“Anh đi anh nhớ quê nhà. Nhớ canh rau muống, nhớ cà dầm tương”
Every Vietnamese, especially those from the north, know these well-known poetry lines by heart. They mean, “Missing my hometown, missing water morning glory soup and missing eggplant soaked in soya bean sauce.”
For several northerners, rau muong seems to be indispensible in their daily meal. Maybe that is the reason southerners call people from the north “Dan rau muong” (Rau muong residents).
When I was a student, water morning glory was part of my daily meal as the vegetable is inexpensive and can be cooked in many different delicious ways. We can have water morning glory fried with garlic and sometimes cooked with mussel to make a delicious soup.
The most popular way to cook water morning glory is to boil it.
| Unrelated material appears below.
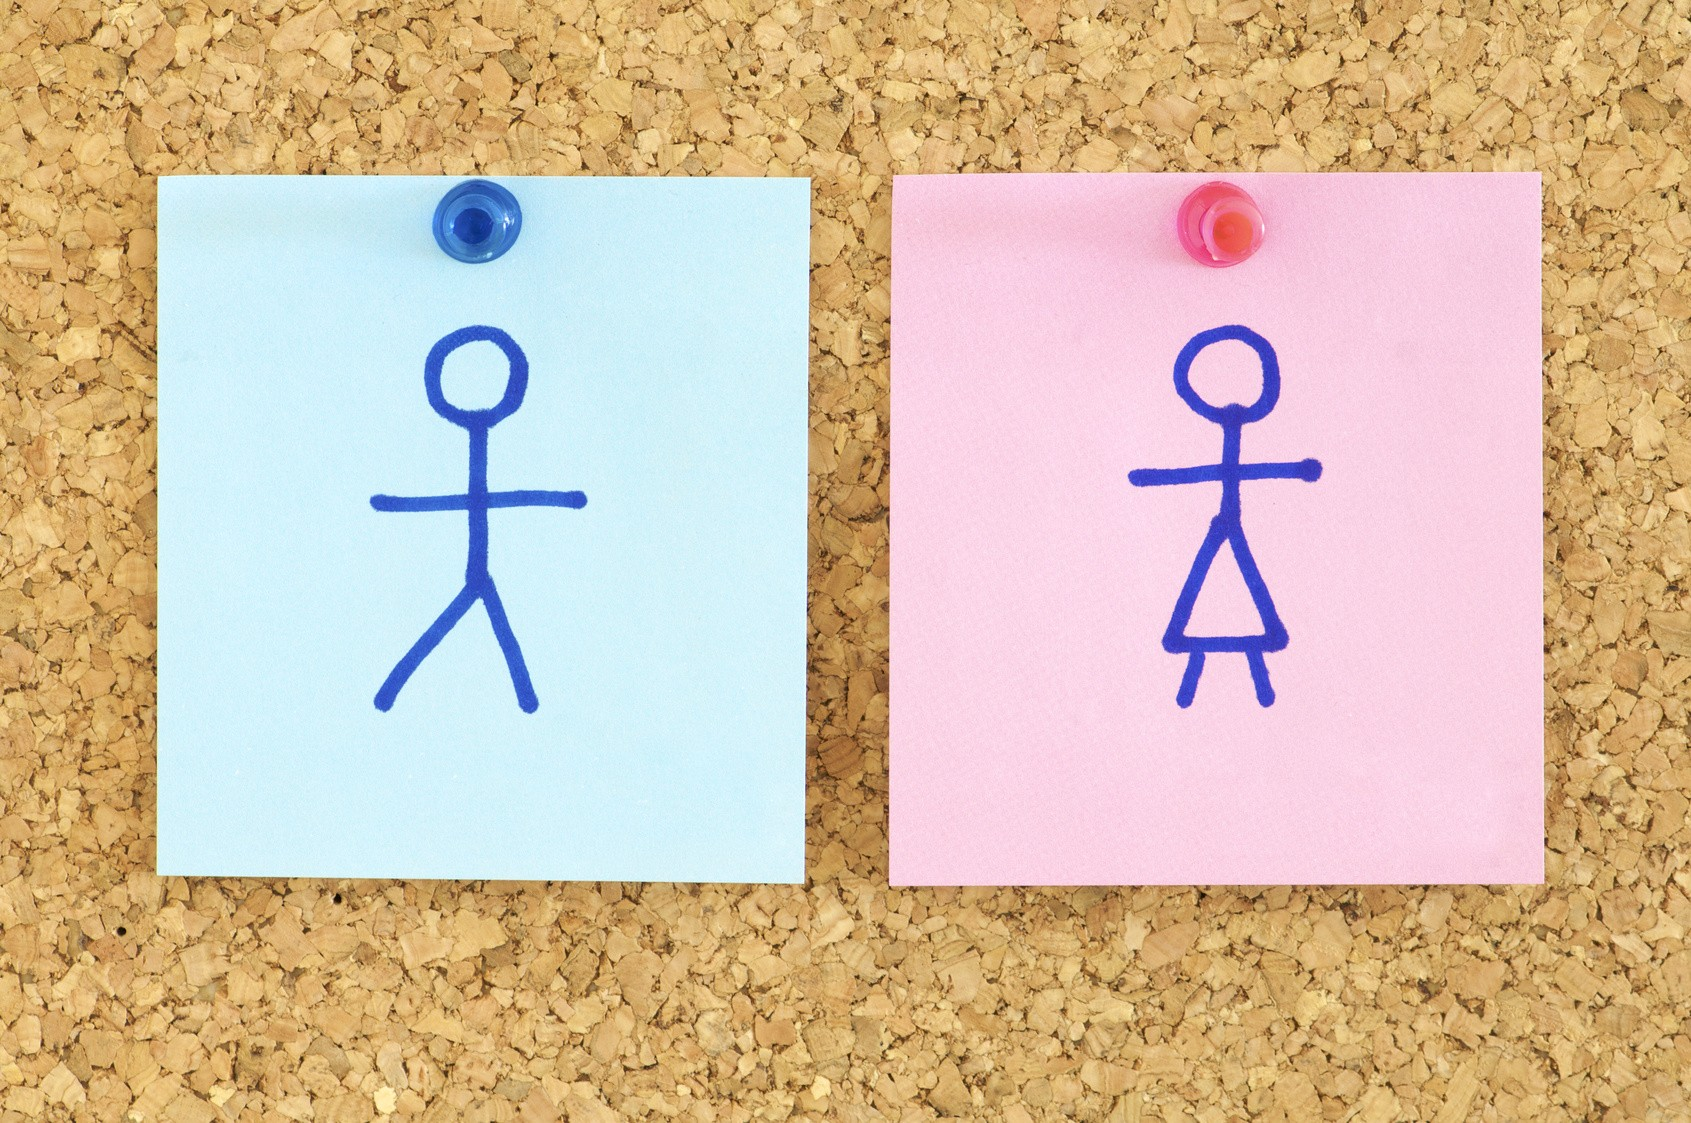 Día europeo por la igualdad salarial entre mujeres y hombres
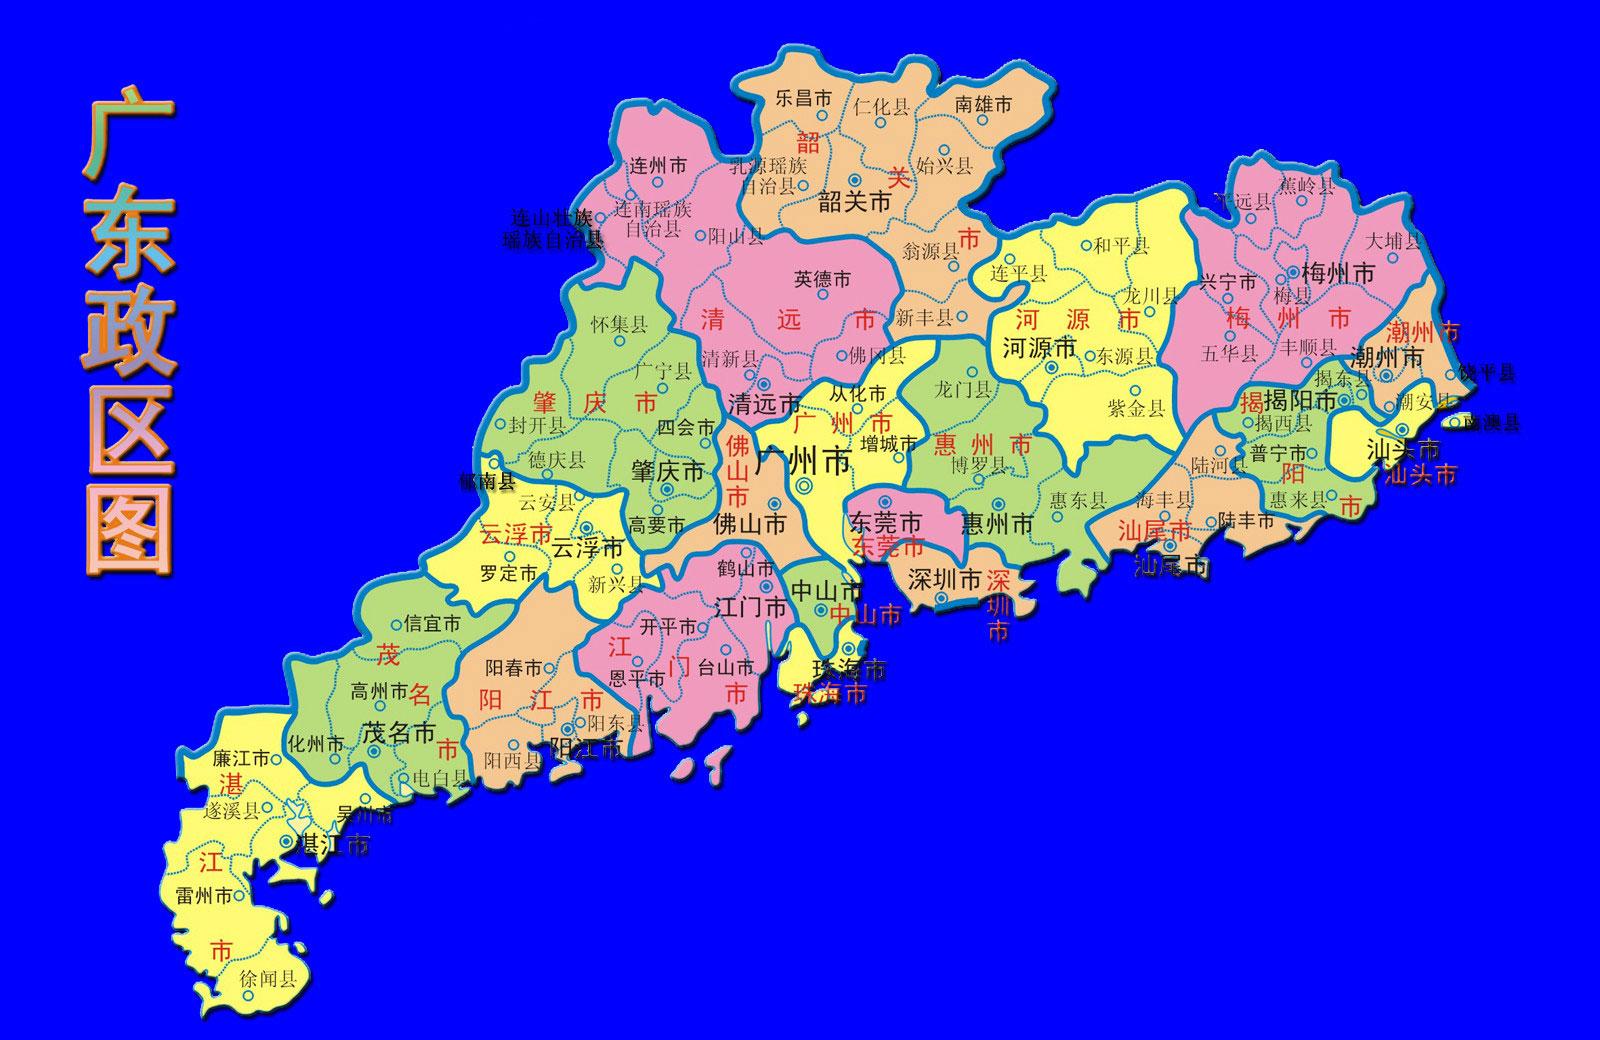 广东省行政区域简图

We usually boil the vegetable then strain it. The water morning glory is eaten by dipping it into a delicious fish sauce flavored with chilly and garlic cut into small pieces with drops of lemon.
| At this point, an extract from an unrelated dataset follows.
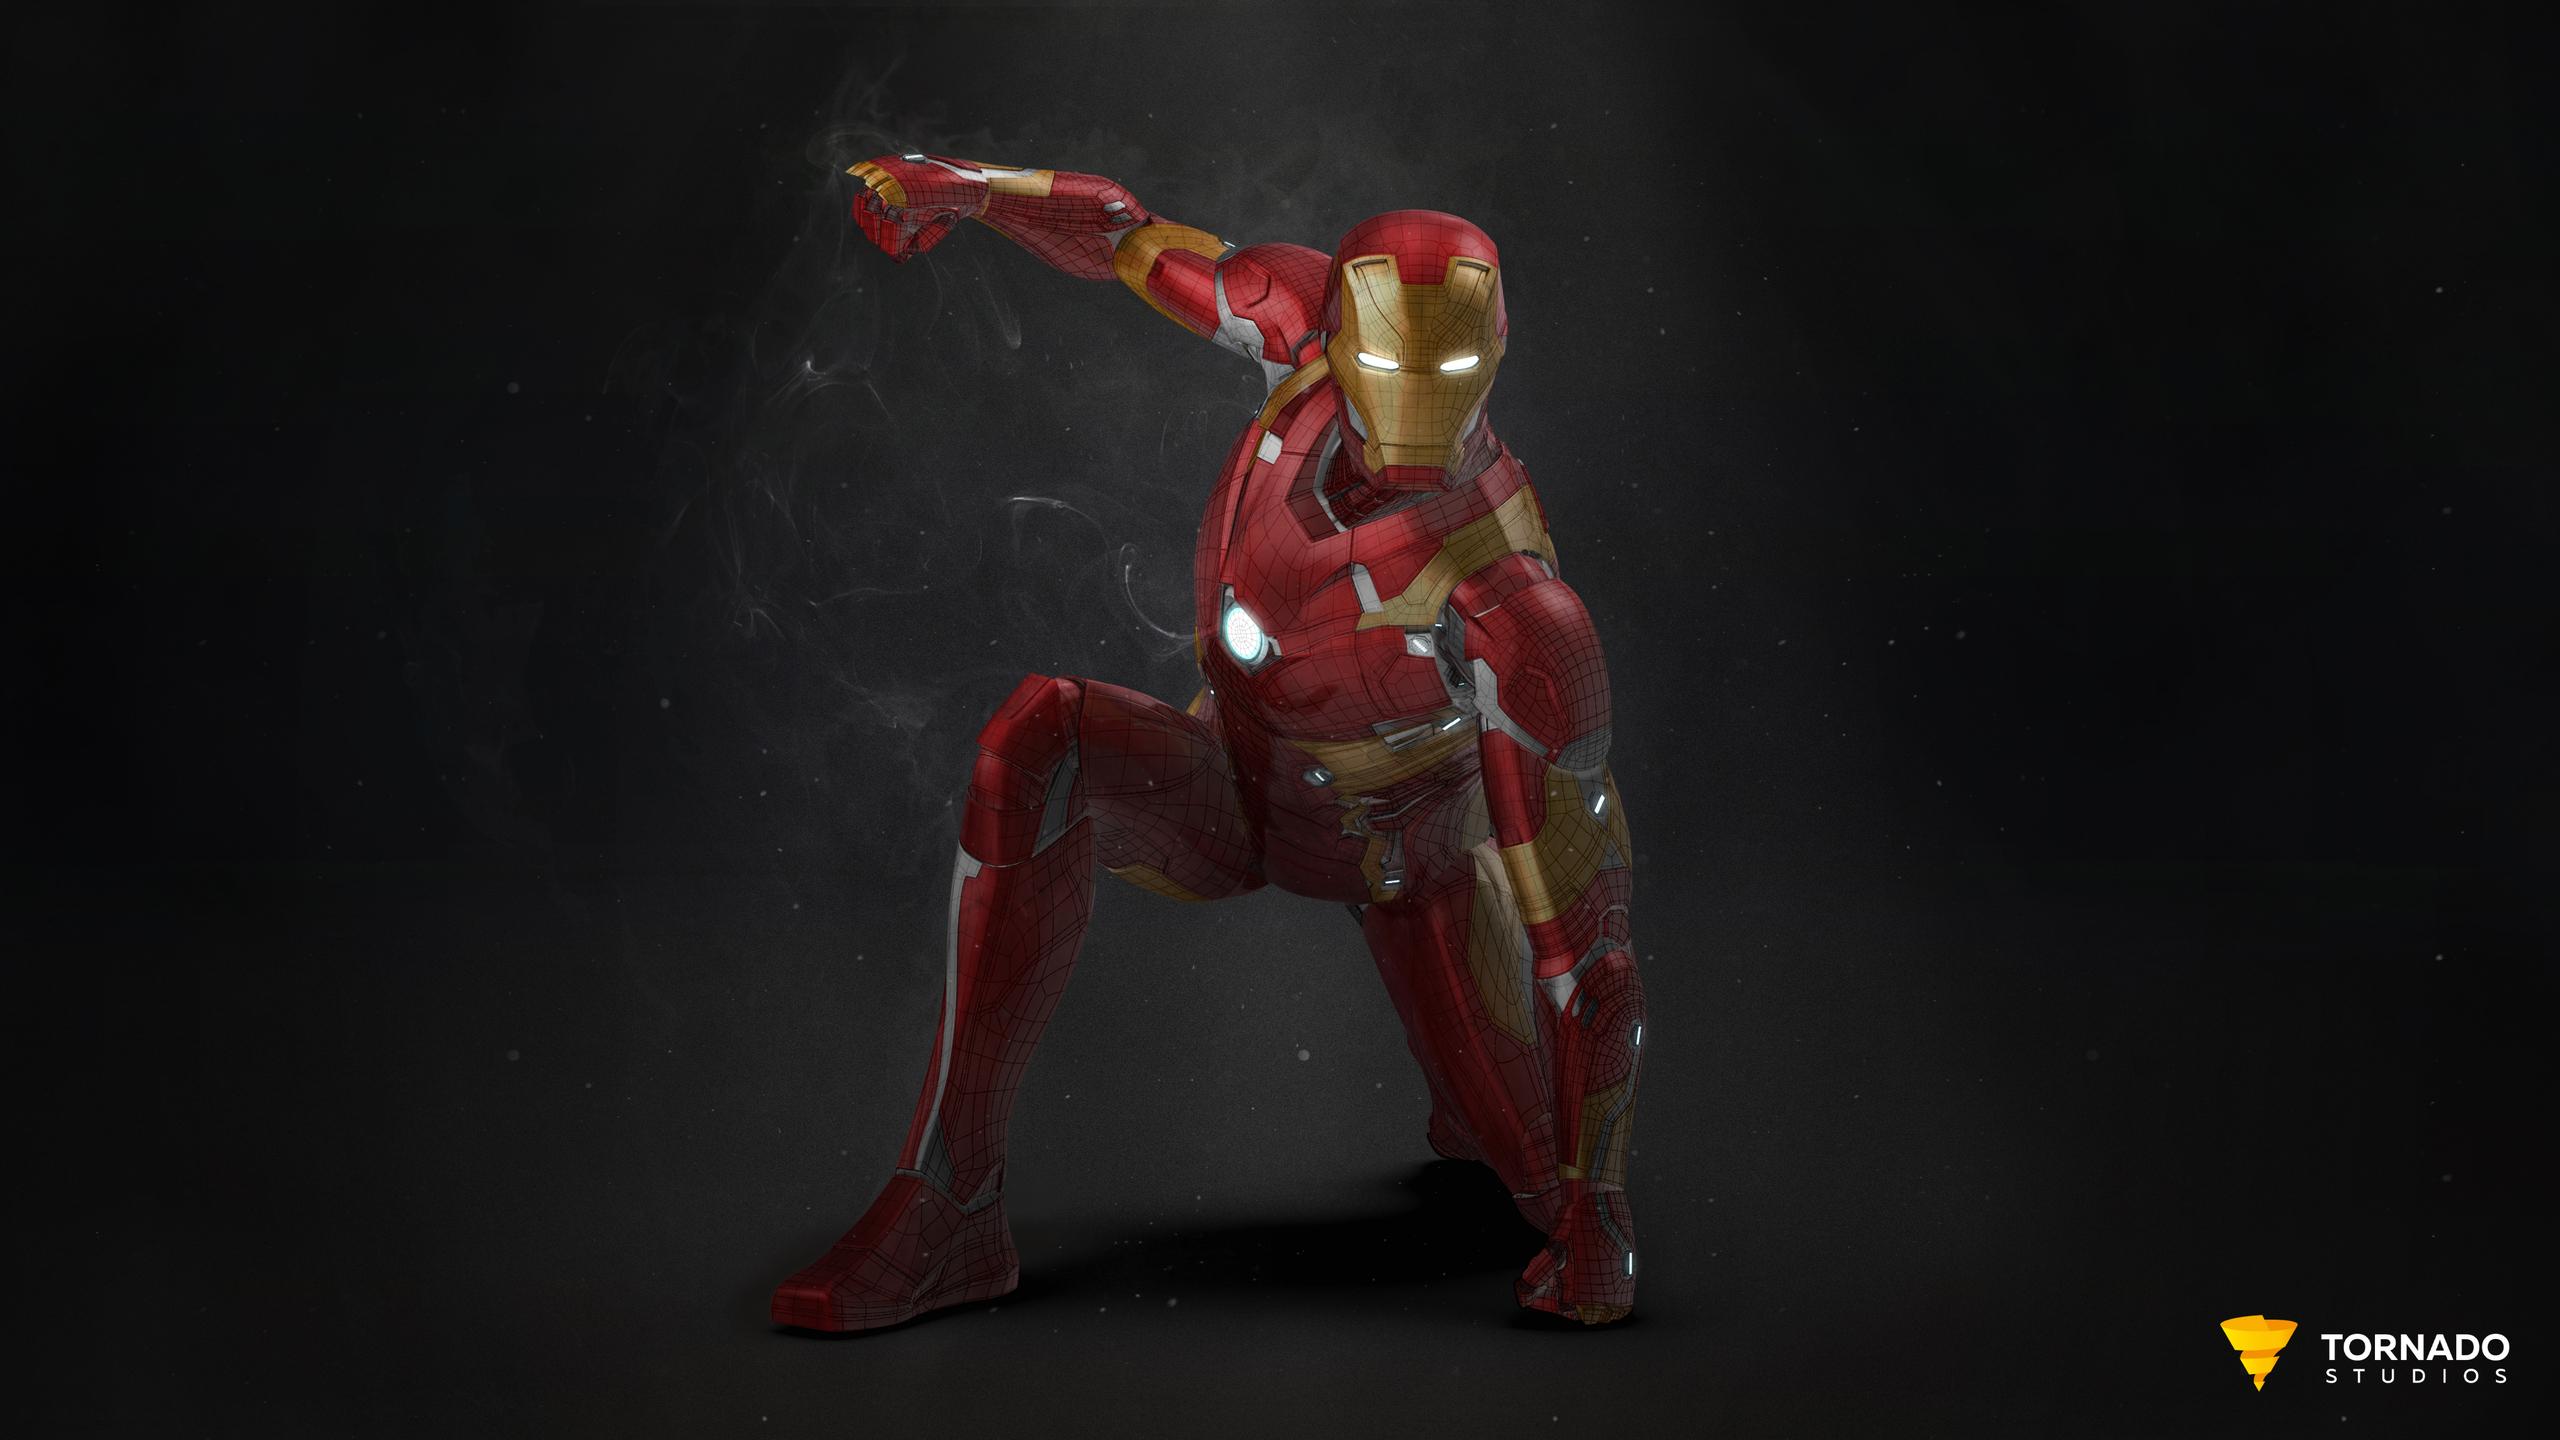 iron-man-making-artwork-36.jpg

The stock water residue left in the pot can also be made into a special soup by adding a little salt, glutamate and some lemon. This soup makes a good lunch dish that can be cooling and appetizing on a scorching summer day.
My hometown is in the central province of Quang Ngai. I remember my mother cultivating water morning glory on a small field. This vegetable has a special vitality about it.
My family always grew water morning glory for use in our daily meals. We thus did not use any pesticide on the water morning glory patch, being afraid that it would affect our health.
Within one month of sowing, we could harvest the vegetable, which continued to grow from the cut stems of the vegetable. I can still feel the sweet and crispy taste of the vegetable every time I think of it.
We had rau muong every day in meals and my sister sold the surplus in a market close to my house. The vegetable sold out immediately with each bundle selling for about VND1,000 at that time.
Now, whenever I get the time I usually visit my home to have some rau muong grown by my mother.
While in Ho Chi Minh City, I do not have much rau muong as it does not have the same delicious flavor as the one grown in my hometown.